This week I bring you another suggestion for all the “chocoholics” – a chocolate mousse recipe.
But it is not just any chocolate mousse. It stands out for its creamy and soft texture, which comes from a procedure that is a bit more elaborate than the classic recipe. It all begins with a chocolate pastry cream, that is folded into beaten egg whites and whipped cream.
Besides, it is served with peanut salted caramel, a match made in heaven. I like to present it in small glasses like in the picture above since it gives it a more elegant look.
A few days ago I made this dessert for a family dinner and it was a huge success. Now all that’s left is for you to explore the recipe and try it out, I can assure you it is worth it!

Silky Chocolate Mousse
Ingredients
Salted Caramel
- 250 g white sugar
- 250 ml heavy cream
- 2 tbsp unsalted butter
- 1 tsp sea salt
- 120 g peanuts (toasted and unsalted)
Chocolate Mousse
- 5 eggs (separated)
- 2 tbsp cornstarch
- 400 ml milk
- 2 tbsp cocoa powder
- 80 g powdered sugar
- 300 ml heavy cream
- walnuts (chopped)
- sea salt
Instructions
Salted Caramel
- In a bowl, bring the sugar to a boil until you have a light caramel.
- Warm up the heavy cream in the microwave, making sure it doesn't start to boil.
- Mixing with a hand whisker, cook the caramel for a few more minutes.

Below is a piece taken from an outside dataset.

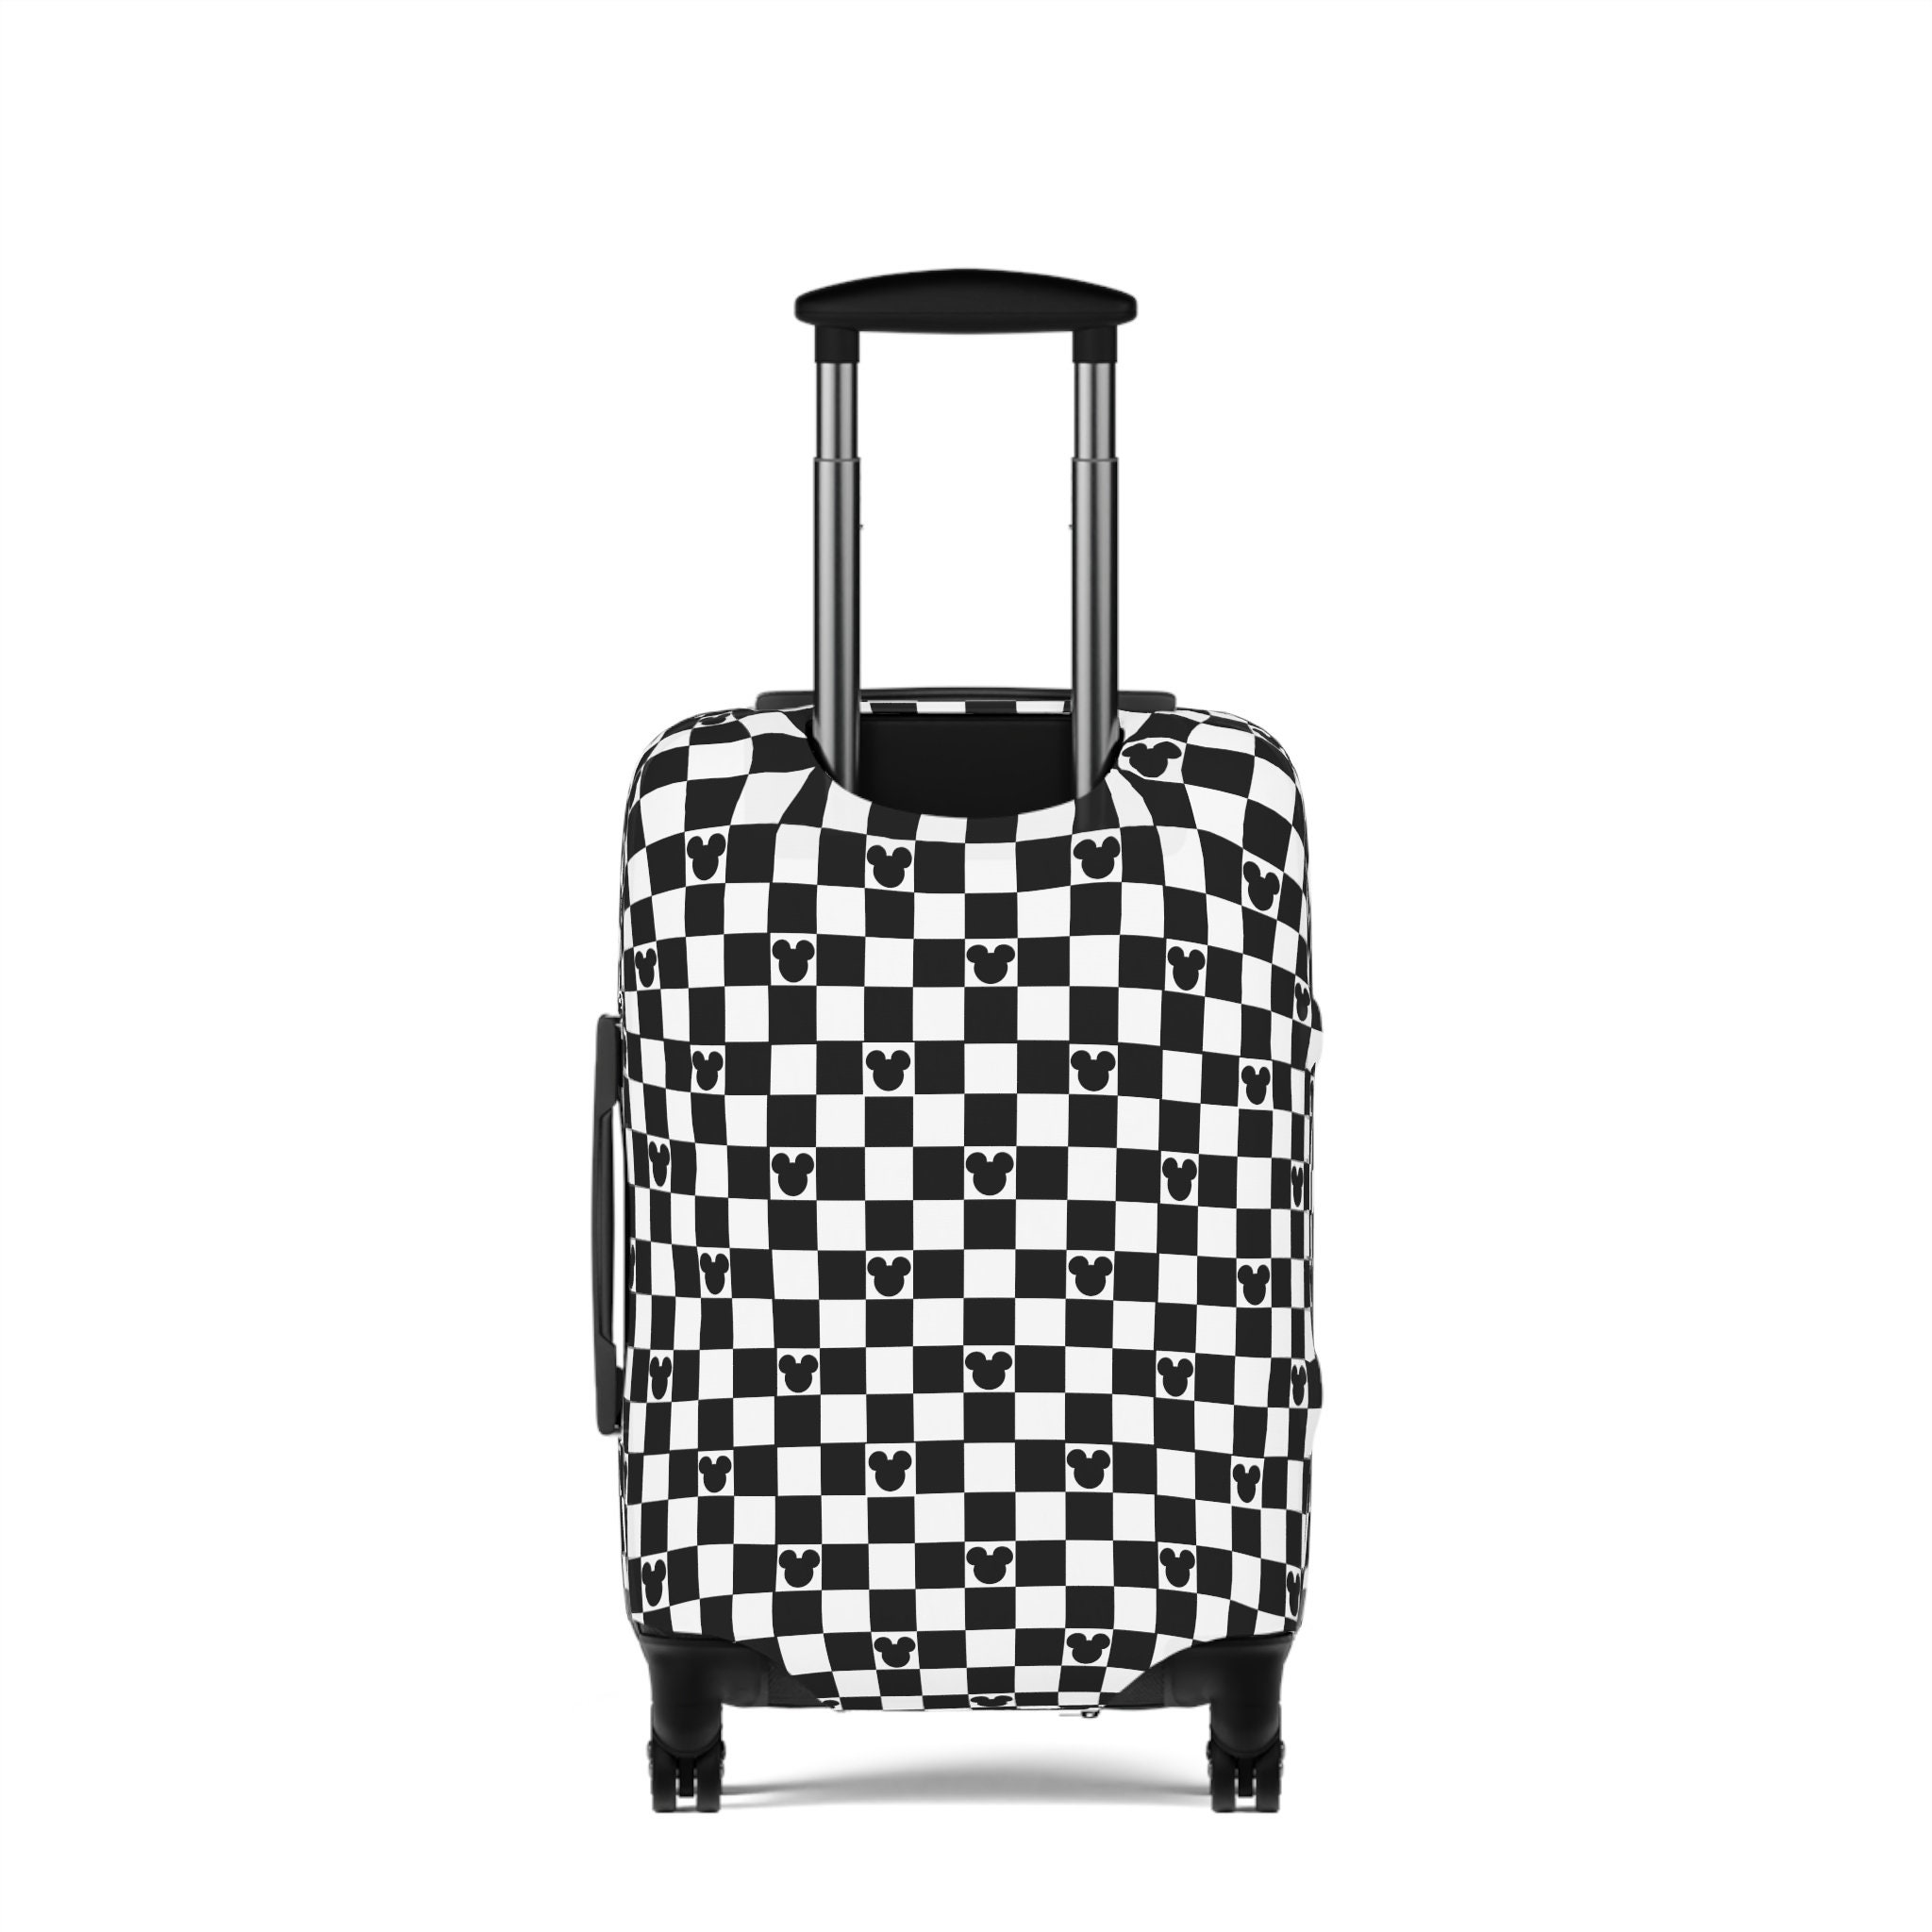 Disney Luggage COVER, Vacation Cover, mickey checkered cover
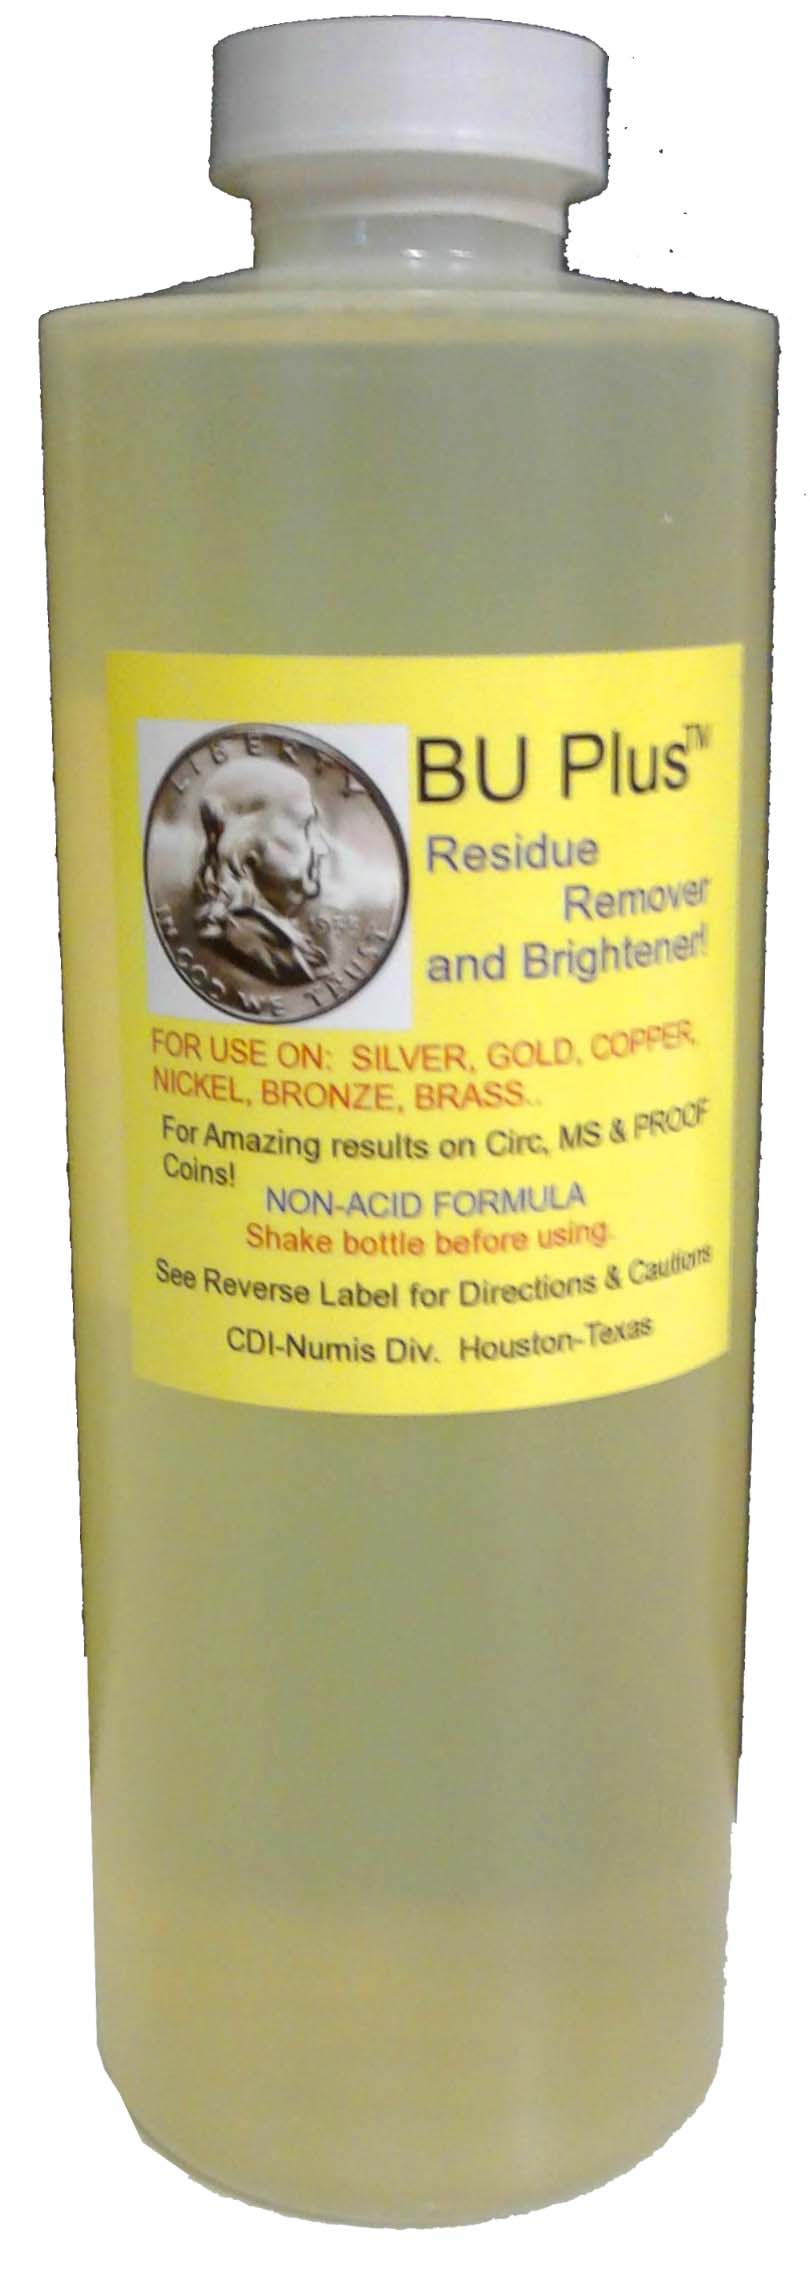 Coin Cleaning Duo - One BU Plus Coin and Relic Residue Remover and  Brightener 4 oz. Bottle and One Conserv Safe Coin Cleaning Solvent

It should thicken a little, making for a smooth and creamy mixture.
- Remove from the heat and add the butter and salt.
- Lastly, add the peanuts and mix one more time.
- Divide the caramel between 10 individual cups, spreading it on the bottom of each one.
Chocolate Mousse
- In a pan, bring the milk to a boil.
- In the meantime, beat the egg yolks with the cornstarch and the cocoa powder until smooth.
- Carefully pour the warm milk on the egg mixture, making sure to mix continuously with the hand whisker.
- Bring this mixture to the heat again, whisking during the process. Let it thicken and start bubbling.
- Remove from the heat and transfer the cream to a bowl. Cover it with cling film and place it in the freezer.
- In the mixer, beat the egg whites with a pinch of salt until stiff peaks form.
- One spoonful at a time, add the powdered sugar with the mixer still on.
- In the microwave or over a double boiler, melt the chocolate. Lower the speed setting of your mixer and slowly pour in the melted chocolate.
- In a separate bowl, beat the heavy cream until stiff peaks form.
- Remove the cream from the freezer, which should now be firm and cold.
- Mix a third of the meringue with the cream. Using a spatula, carefully fold in the second third, and then the last third.
- Finally, carefully fold in the whipped cream, just like in the previous step.
- Cover the mousse with cling film and place it in the fridge for, at least, 5 hours.
- Split the mousse between the cups previously prepared with the caramel. Smoothen with a spatula.
- Decore with chopped walnuts and a dash of sea salt. Serve immediately.